Орудием власти класса, к которому принадлежит генерал Бэргойн, является английская солдатчина. Шоу частенько возвращается к критике английской солдатчины. Он дает в этом отношении еще несколько необычайно блестящих черт в самой последней своей комедии — «Слишком правдивый, чтобы быть красивым».4 И в данной пьесе бурбон майор — тупой, честный, храбрый и вместе с тем негодяй именно в силу своего бурбонства, безмозглый и безмолвный офицер–сержант, склонный брать взятки, болтать, добродушничать, но готовый выполнить безропотно любое, самое жестокое приказание, — это вот солдатчина. За армией как целым Шоу начисто отрицает патриотизм, указывая на то, сколько небриттов состоит в этой армии.

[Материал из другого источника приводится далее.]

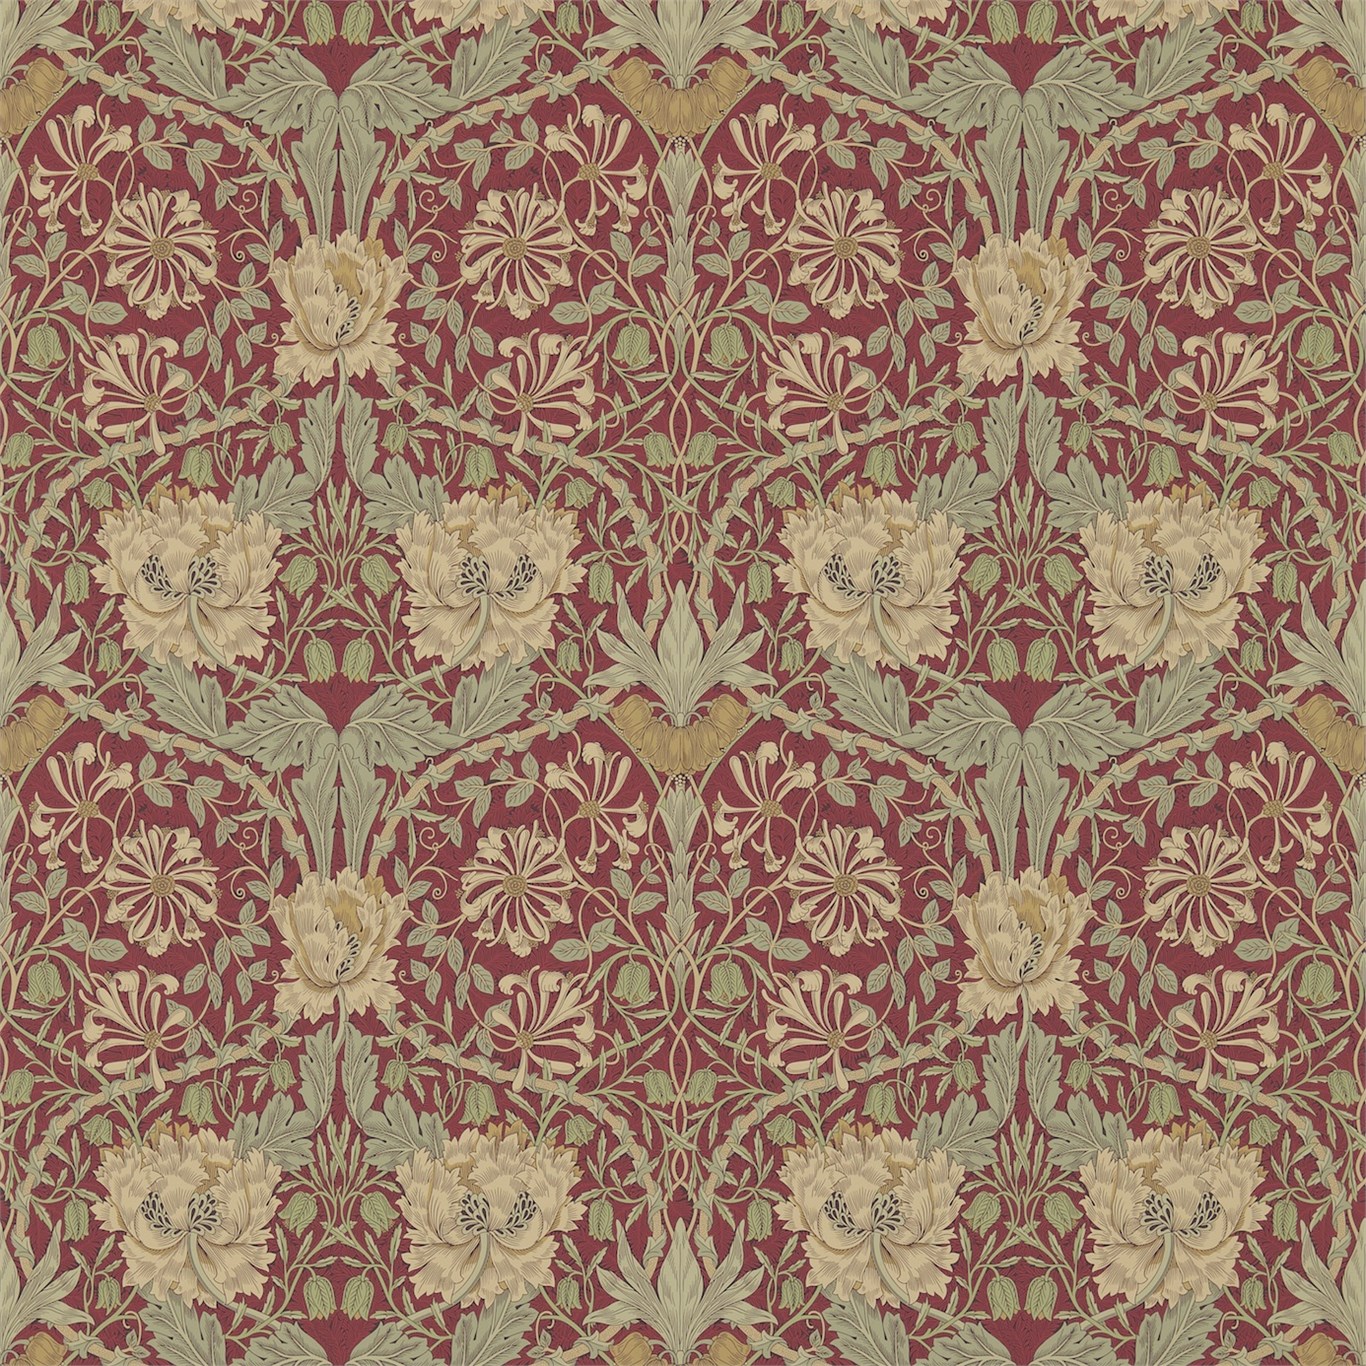 Honeysuckle and Tulip wallpaper design from Morris & Co.

К политической стороне пьесы относятся, конечно, и описания американцев. Американское мещанство изображено беспощадно. И для того, чтобы у публики не было никаких иллюзий и чрезмерных симпатий к освобождающейся Америке, Шоу в своих комментариях к пьесе 5 прямо говорит о том, что свободная Америка, правда, не вешает, как вешала Англия, но зато широко употребляет электрический стул против таких же великодушных «бунтарей», какими он изобразил лучших ее сынов XVIII века.

Центр тяжести пьесы лежит все–таки не в политике, а в морали, которая всегда близка сердцу Шоу, и в художественной психологии. В своем комментарии Шоу сам раскрывает свои карты. Ему, с одной стороны, хотелось показать (и в этом он близко подходит к некоторым утверждениям Чернышевского),6 как так называемые «ученики дьявола» — люди, протестующие против бога, религии, обычной этики и заявляющие, что в этом они повинуются только своей натуре, — оказываются способными на большие дела, на самоотвержение, на подлинный героизм и насколько они, даже с точки зрения доброты, великодушия, человечности, безмерно превосходят ханжеское мещанство, пересыпанное «моралином». С другой стороны, лучший из всей паствы — пастор оказывается лишь мнимым пастором. Он совершенно отстраняет надежду на бога, как только он поставлен в действительно критическое положение. А на его пасторских губах так и скачет слово «черт!». В нем просыпается боевая готовность, он надеется на своего коня, на свой пистолет, на готовый вспыхнуть мятеж своих сограждан, он становится хорошим военным вождем.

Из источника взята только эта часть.